US 12,242,568 B2
Guided augmentation of data sets for machine learning models
Ariel Gedaliah Kobren, Cambridge, MA (US); Swetasudha Panda, Burlington, MA (US); Michael Louis Wick, Lexington, MA (US); Qinlan Shen, Burlington, MA (US); and Jason Anthony Peck, Andover, MA (US)
Assigned to Oracle International Corporation, Redwood Shores, CA (US)
Filed by Oracle International Corporation, Redwood Shores, CA (US)
Filed on Sep. 6, 2022, as Appl. No. 17/903,798.
Claims priority of provisional application 63/352,110, filed on Jun. 14, 2022.
Prior Publication US 2023/0401286 A1, Dec. 14, 2023
Int. Cl. G06F 18/214 (2023.01); G06F 40/56 (2020.01)

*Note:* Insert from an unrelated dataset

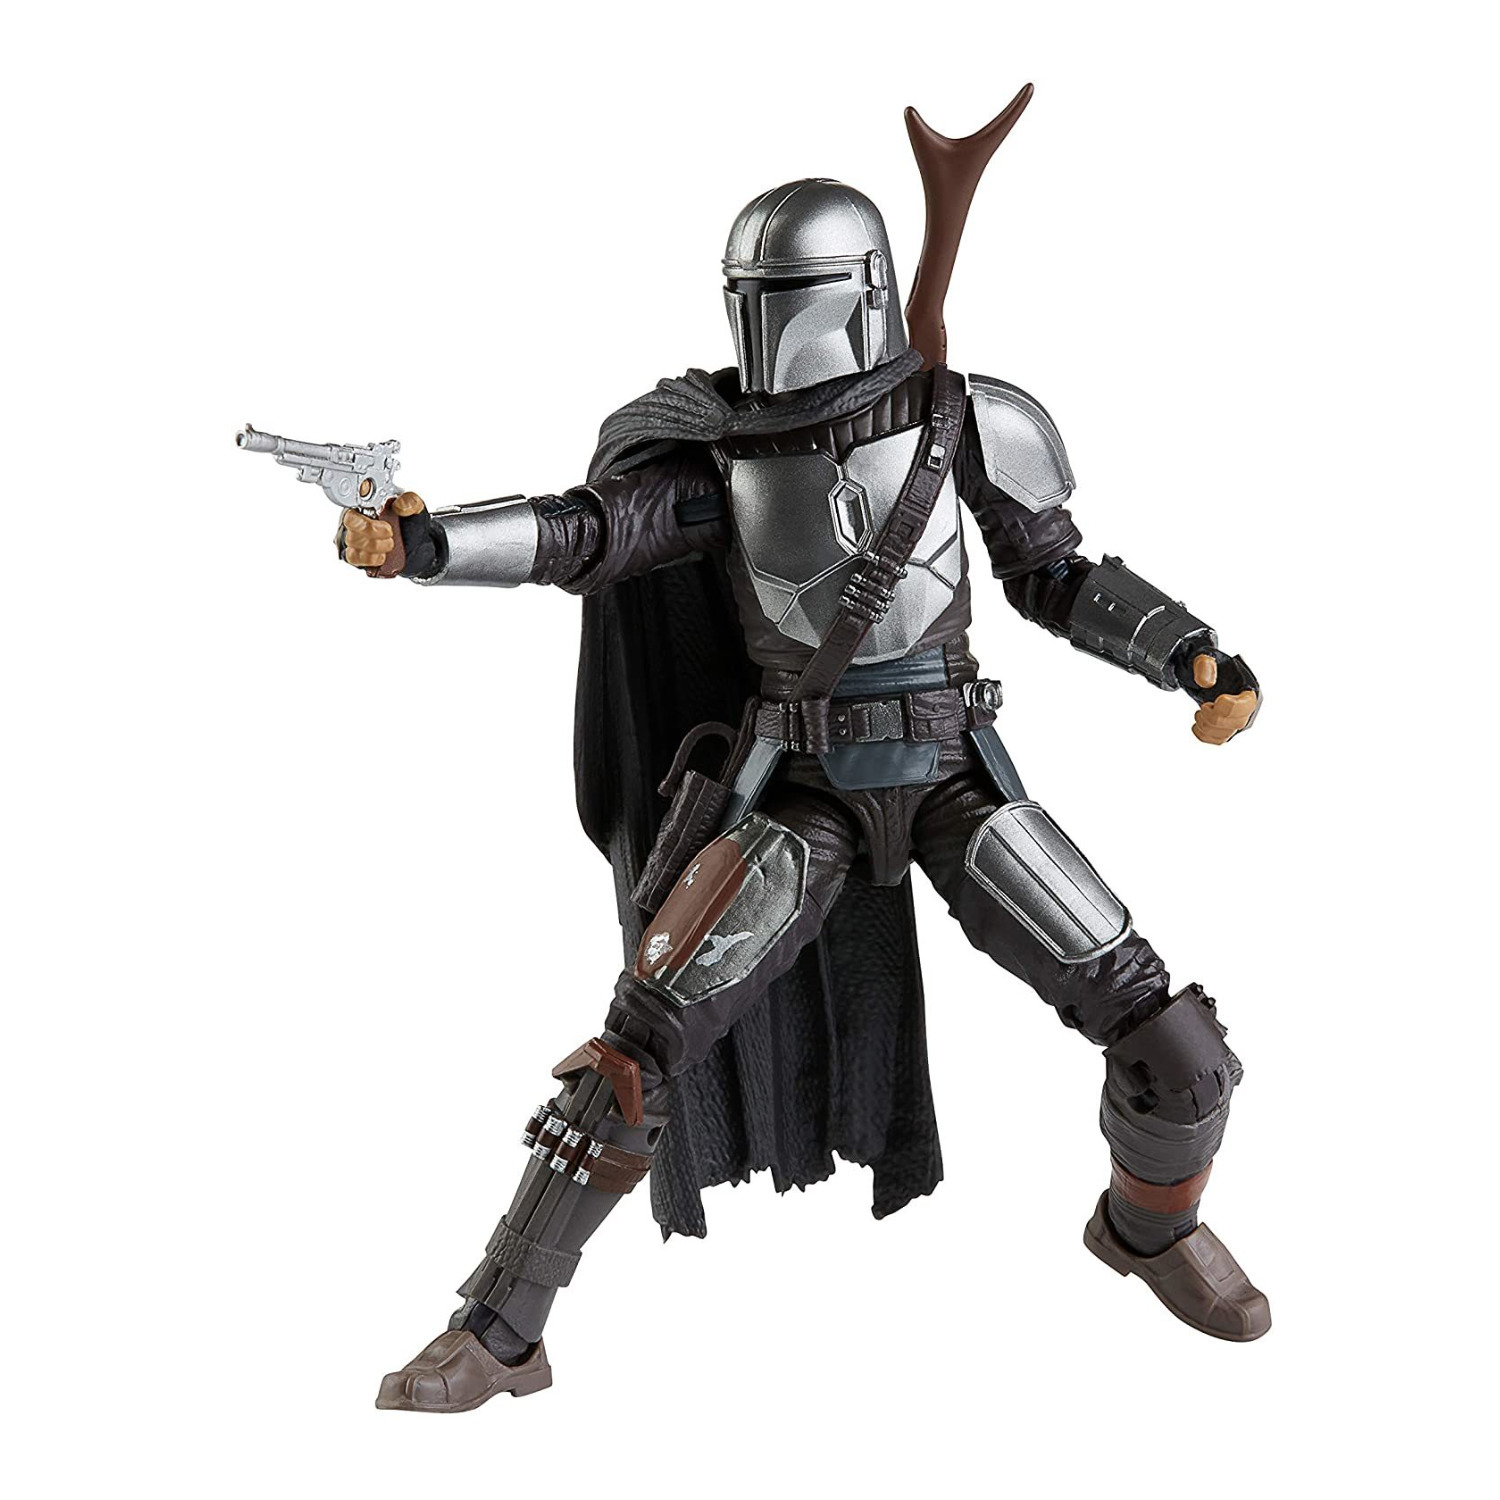 Star Wars Hasbro Star Wars Black Series The Mandalorian (Beskar) 6-inch Collectible Action Figure
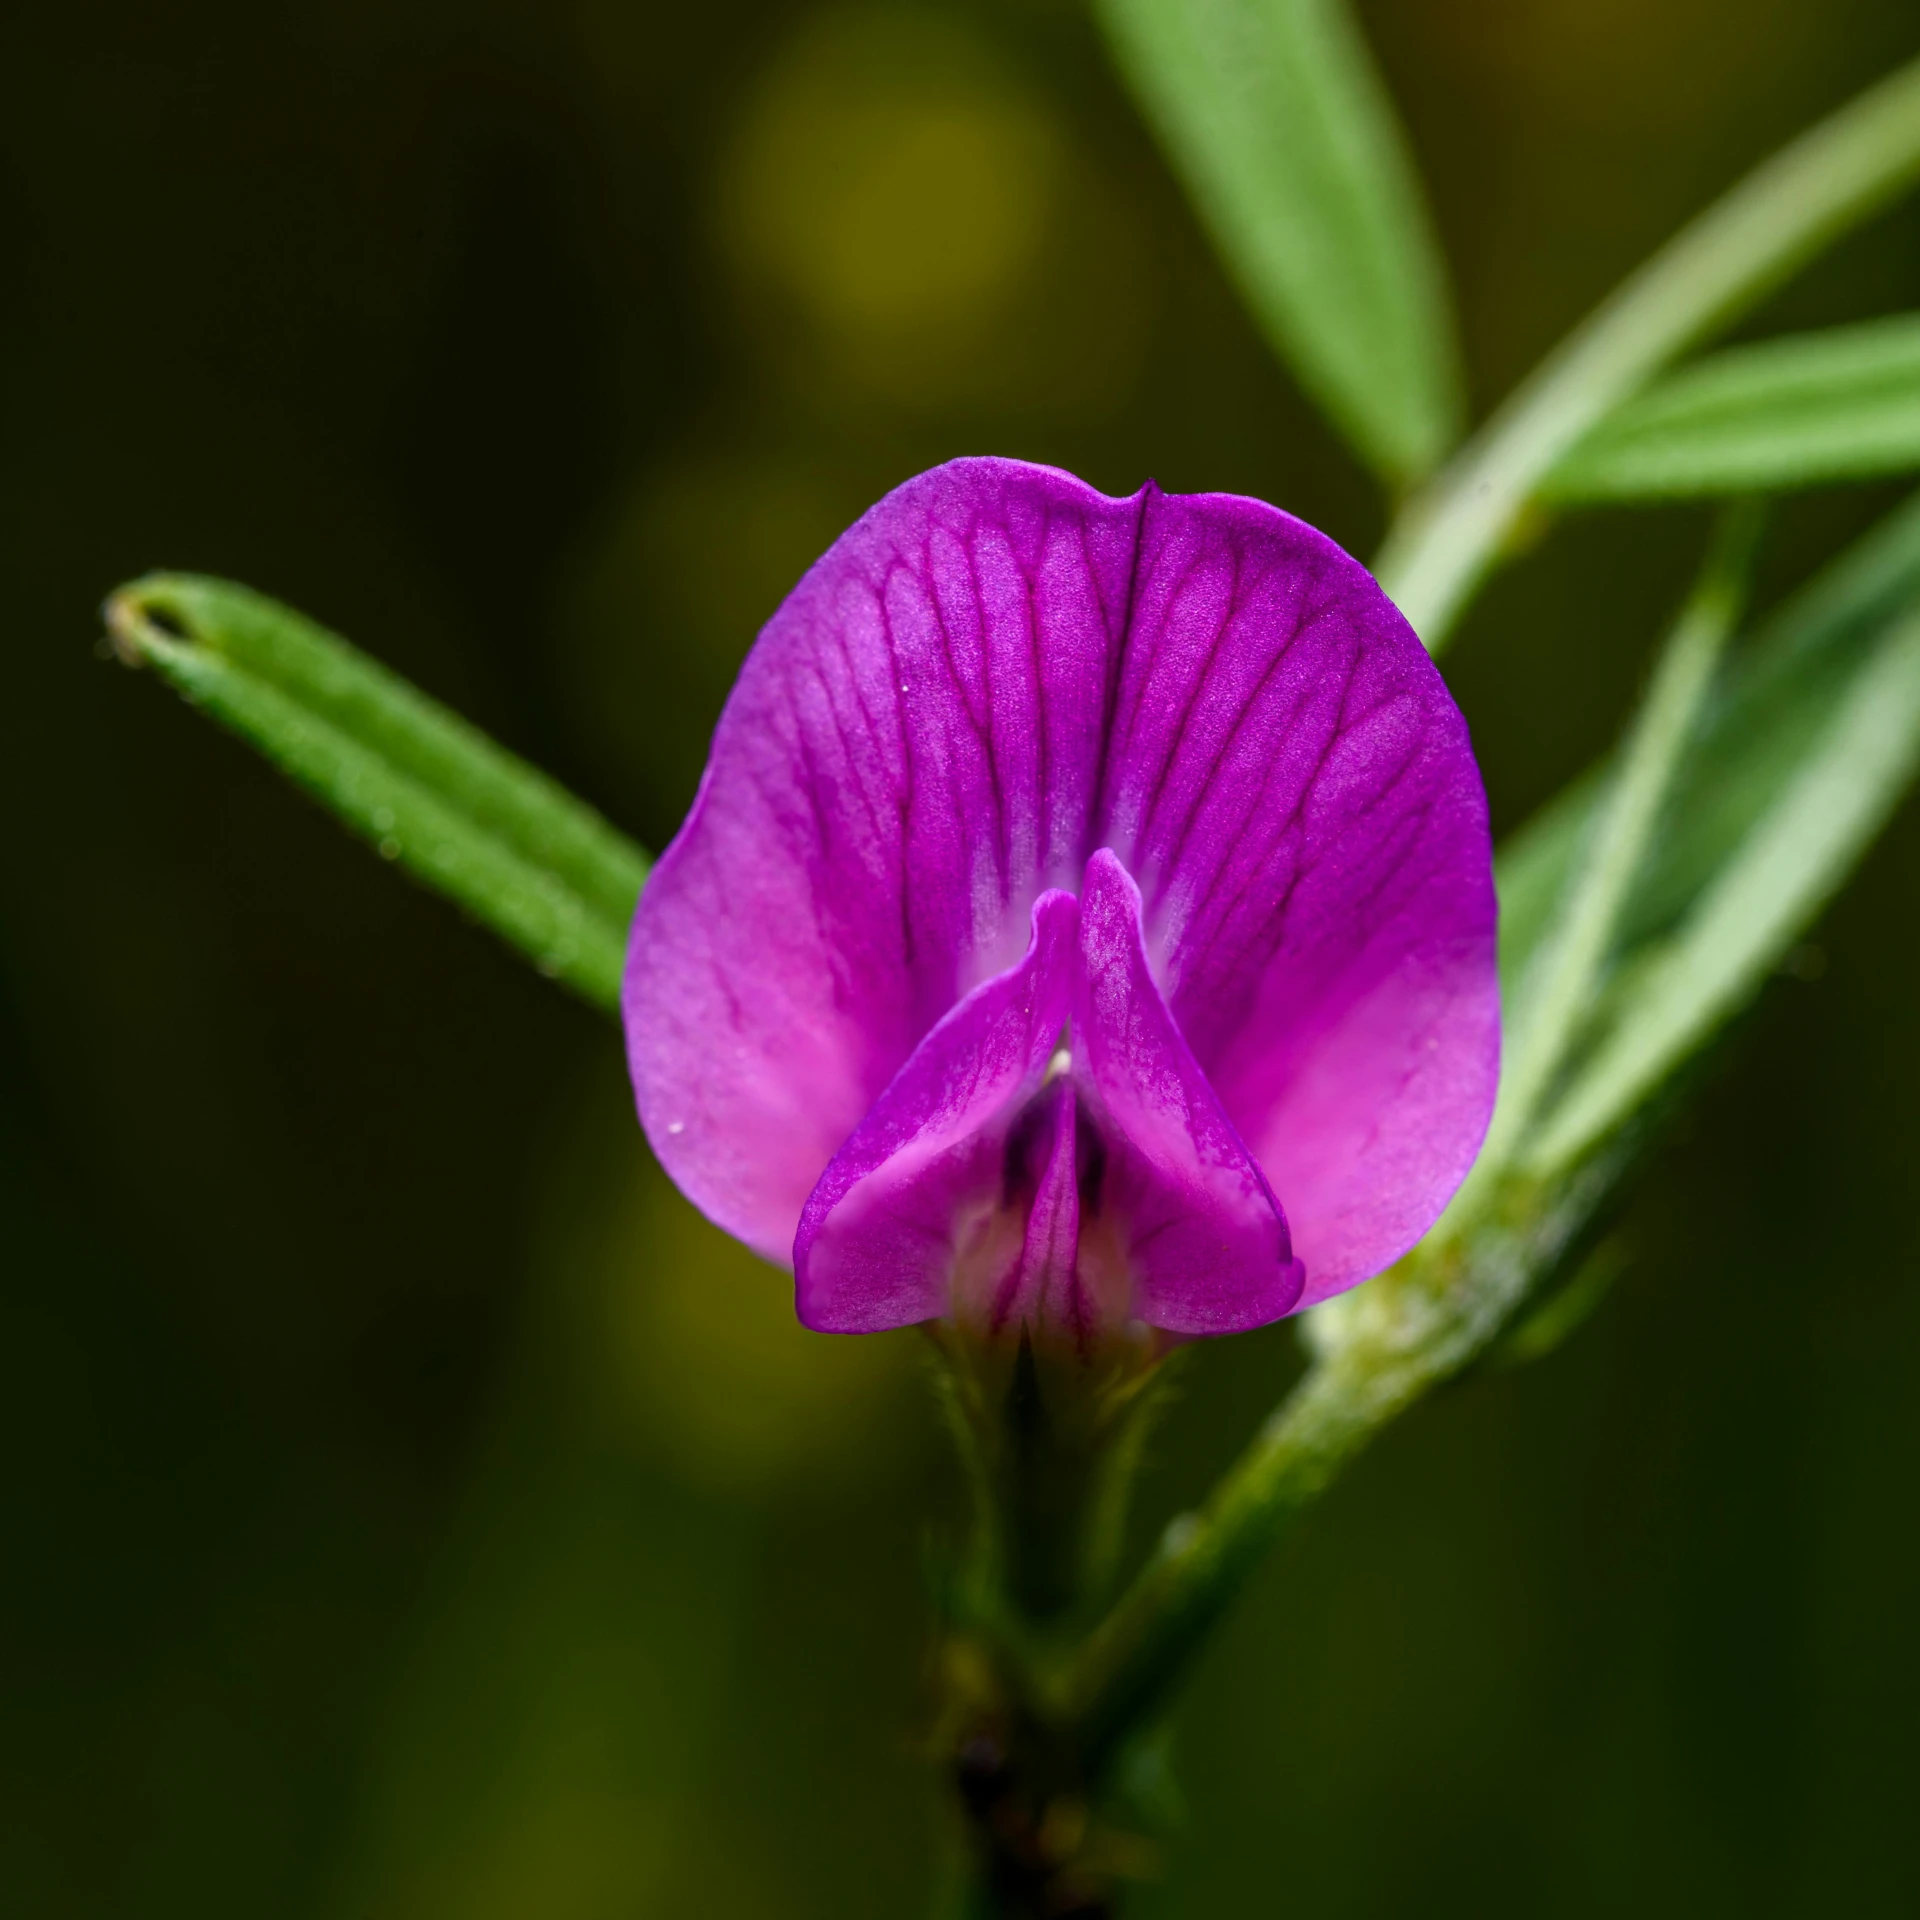 a single purple flower sitting on top of a green stem

CPC G06F 18/2148 (2023.01) [G06F 40/56 (2020.01)] 21 Claims
OG exemplary drawing
 
1. One or more non-transitory computer-readable media storing program instructions that, when executed by one or more hardware processors, cause performance of operations comprising:
constructing a set of training inputs for training a synthetic data generation model, wherein the constructing the set of training inputs comprises:
extracting, from a first training data set, a plurality of pairs of sentences that meet a similarity criterion, individual pairs of the plurality of pairs including a first sentence and a second sentence;
for the individual pairs of the plurality of pairs:
extracting a first subset of words from the first sentence, the first subset excluding one or more words included in the first sentence; and
generating a first training instance from the set of training inputs, the first training instance comprising: (a) a model input including the second sentence and the subset of words from the first sentence, and (b) a model output including the first sentence; and
training the synthetic data generation model using the set of training inputs.